First of all, great analysis of the data guys.

However, I just don't think that there's enough data to draw any conclusions about where they are located.

Well i'm initially focusing on WA, the State with i believe over 500 Reports in the BFRO Database & of course it's going to be incredibly to " locate " them, but i just felt with what i'm currently doing ( which i'm giving off little parts of it as i go along ) in looking at the correlation between BFRO Reports & the proximity of a designated Wilderness area ( within or within 5 miles of ) it may just give us an idea at least.

I have since added elevations >> seasons which i'm glad i did as i believe i'm finding out patterns, which may just help us locate them/one, you never know.

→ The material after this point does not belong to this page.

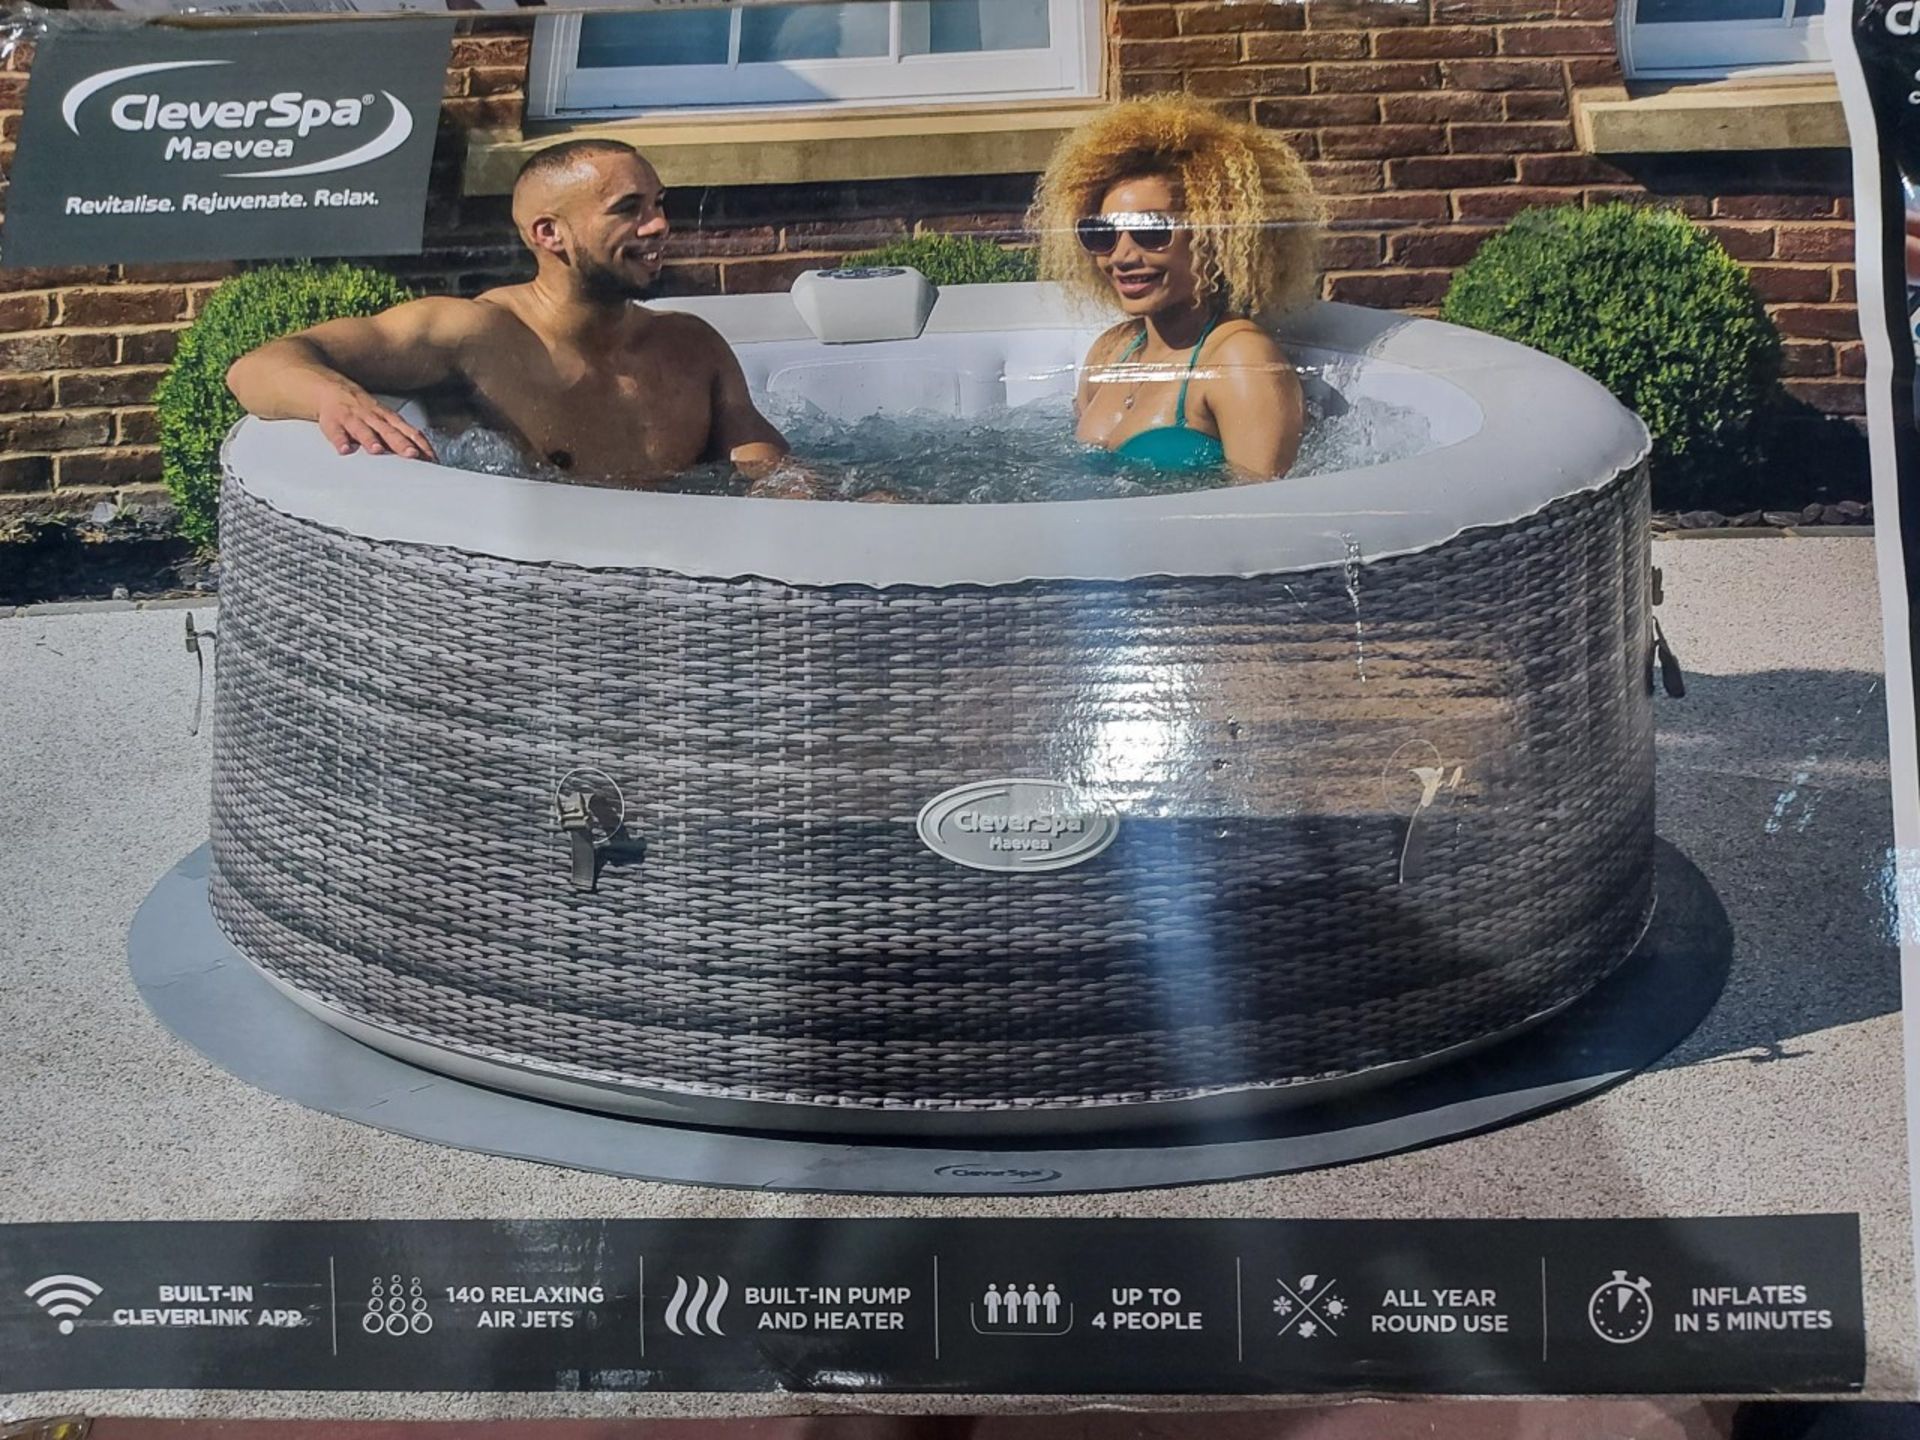 BOXED CleverSpa Maevea 4 person Hot Tub. RRP £488. UNCHECKED/UNTESTED

I agree that the patterns are interesting. :D

I've thought about building a GIS database for the same reasons as you, except I don't have any confidence in the coordinates given for the sightings. I have a hunch that at least one large online database intentionally gives the wrong directions and and coordinates, unless of course the "investigators" are instead directionally-challenged. :rolleyes: IMO the sample size is too small for valid statistical analysis.

I'm not so sure, maybe they do, but one of the reasons i chose WA was that i am a little bit familiar with the areas i'm focusing on & if/when i'm stuck, i'd like to think i can call on a few Members of the Forum who are much more familiar with the specific areas who can help me.

I have come accross wrongly located pins in the Mangani Google Earth overlay ( are you aware of that program ? ) but with the one i'm doing my spreadsheet, i am able to " weed them out " & trash them which shouldn't affect my numbers..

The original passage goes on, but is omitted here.